Saturday 17 December 2011

Arthur Christmas

We take our seats for Arthur Christmas, an Aardman production, which turns out to be informative stuff. It appears that the title ‘Santa Claus’ is actually a sort of hereditary peerage handed down from father to son. The current incumbent of the title is Malcolm Christmas (Jim Broadbent) who was passed the title from his father, the now retired Grand Santa (Bill Nighy). Malcolm is expected to retire this year to hand over the ‘reigns’ (ha ha ha) to his eldest Steve (Hugh Laurie). Steve is the smart arse currently in charge of the North Pole Command Centre that tracks the Santa ‘project’ across the world.

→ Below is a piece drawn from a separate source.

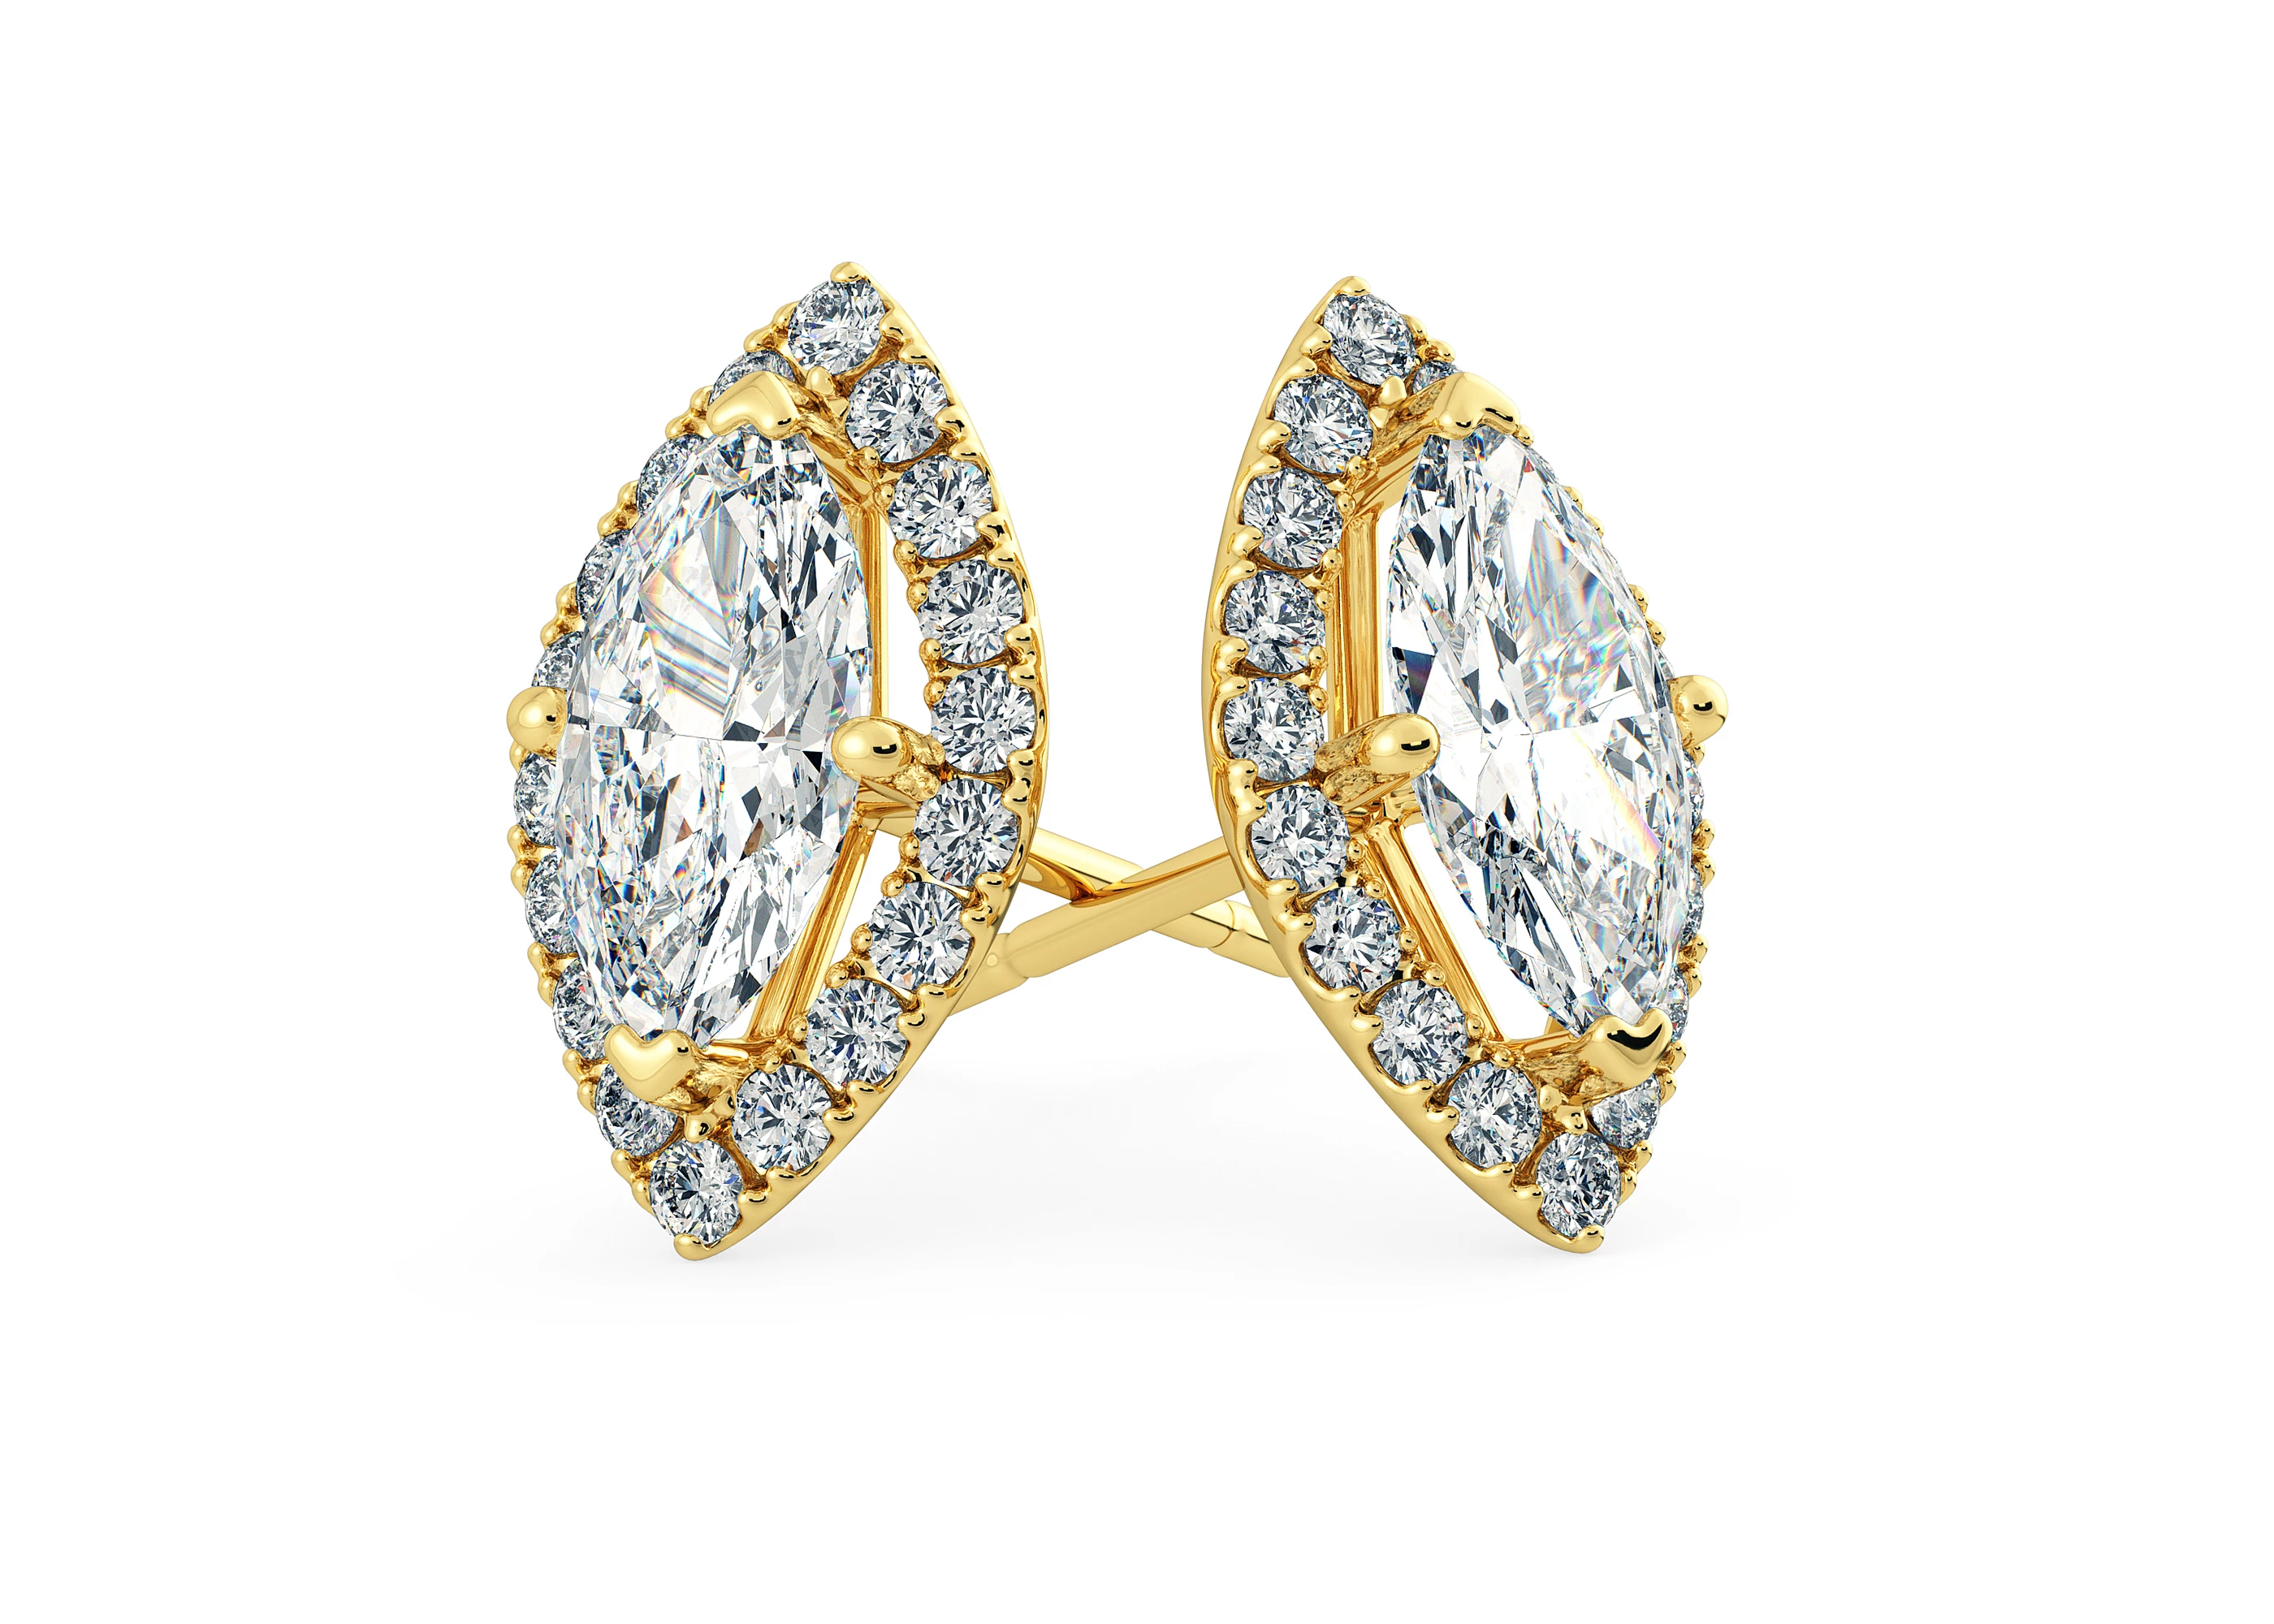 Bijou Marquise Diamond Stud Earrings in 18K Yellow Gold with Butterfly Backs

Meanwhile his younger son Arthur (James McAvoy) can only look on in wonder, from the post room to where he has been banished, as he's accident waiting to happen.


Christmas night is now a high-tech military operation involving thousands of elves and a giant spaceship in order to get millions of presents delivered in one night. Now it all makes sense at last.

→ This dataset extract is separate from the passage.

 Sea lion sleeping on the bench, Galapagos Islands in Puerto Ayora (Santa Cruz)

This year’s operation at first appears to be a great success and much to Steve’s annoyance, with Mrs. Santa (Imelda Staunton) by his side, Malcolm postpones his retirement. All though is not as it appears, one child has been missed and their present, a new bike, remains undelivered.

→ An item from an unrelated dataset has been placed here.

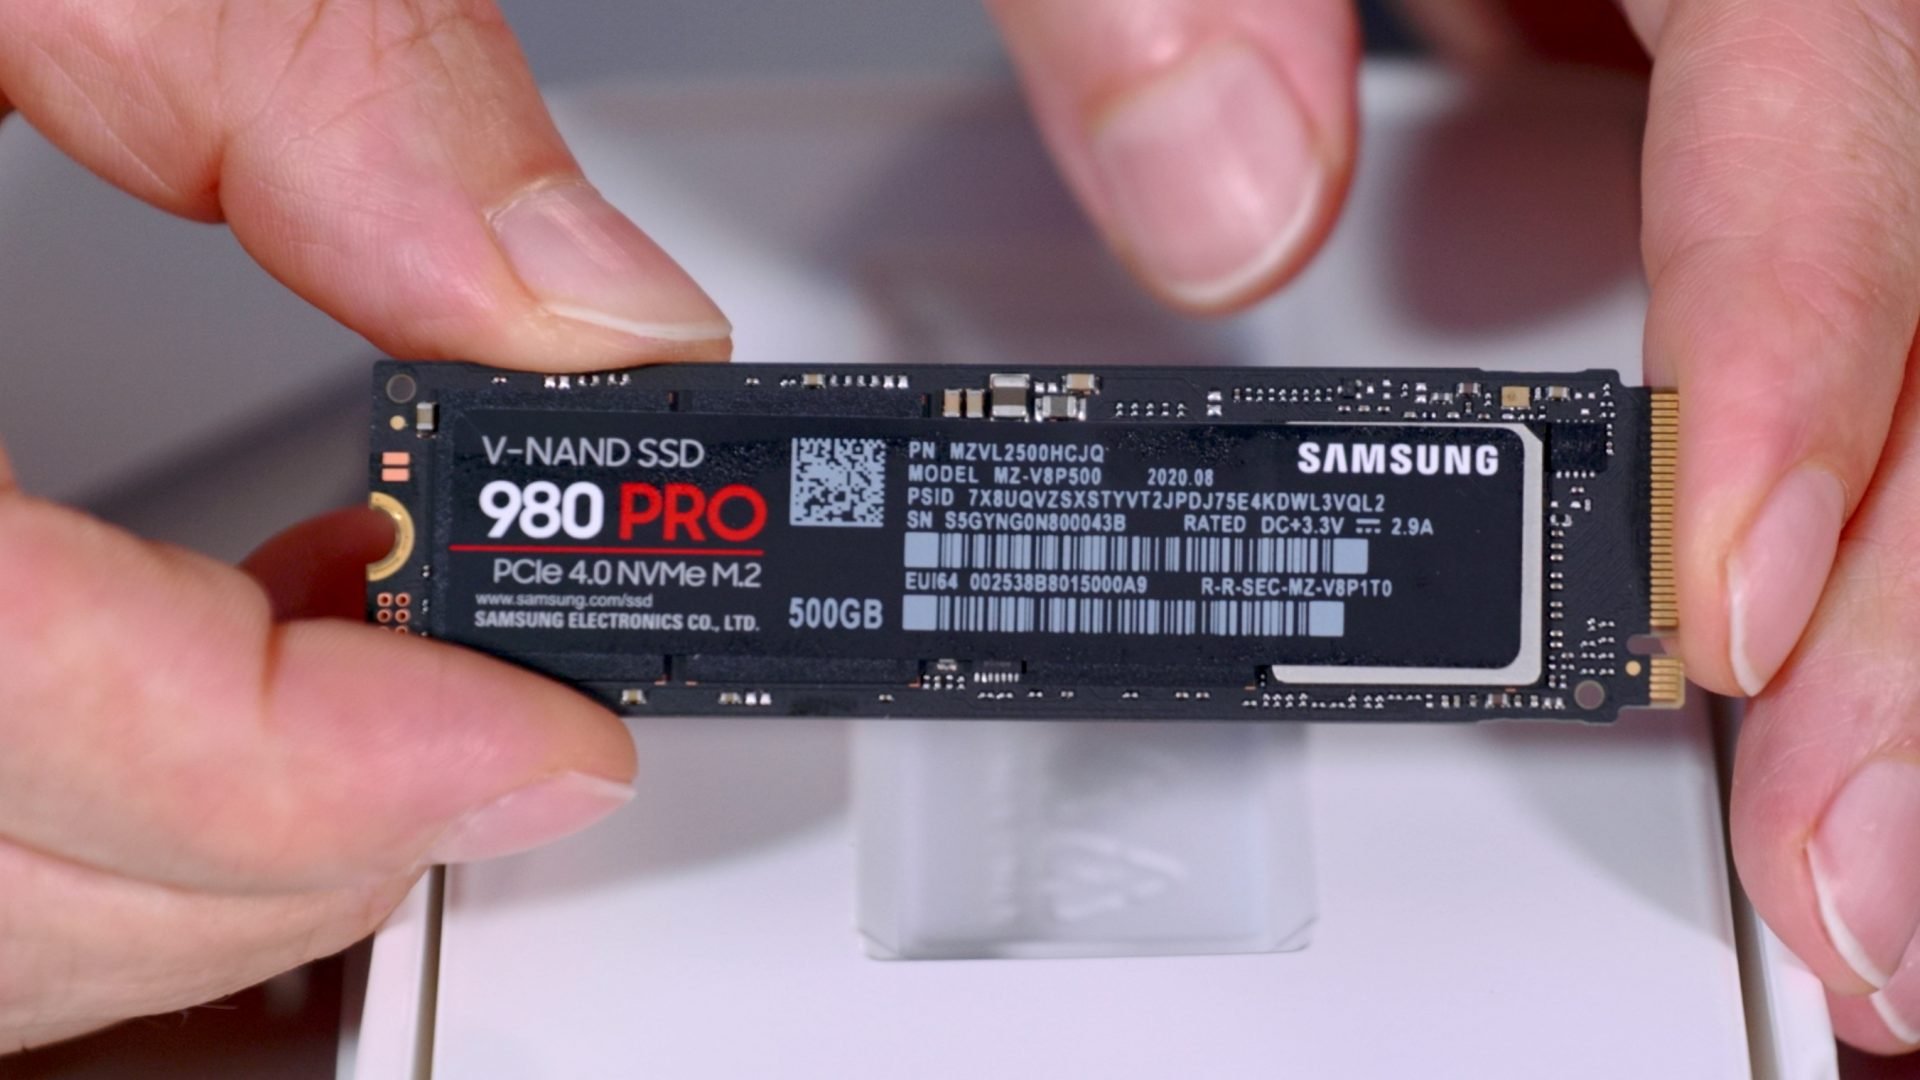 Samsung-980-PRO-NVMe-M.2-SSD-1920x1080.jpg

Steve refuses to attempt to deliver the missing gift being more than happy to accept that one minor blip has occurred in his operation, one present out of millions, not a bad ratio. So it is left to Arthur and Grand Santa, assisted by Bryony (Ashley Jensen), the elf from the Wrapping Department, to go on a renegade delivery mission using the olden day methods of sleigh and reindeers (albeit ones on drugs, they snort magic fumes to power them through the sky). All to ensure that one little girl is not the child Santa forgot.


The idea behind the film is original, fun and very creative, at first. The film loses its way badly in the middle third of the film where too much mayhem ensues as our ‘heroes’ get repeatedly lost and into many sticky situations. It cheapens a great idea and feels extraneous.


Eventually, perhaps half an hour too late, we meander our way to the expected heart warming finale that eventually just about saves the film. Good stuff but should have been better.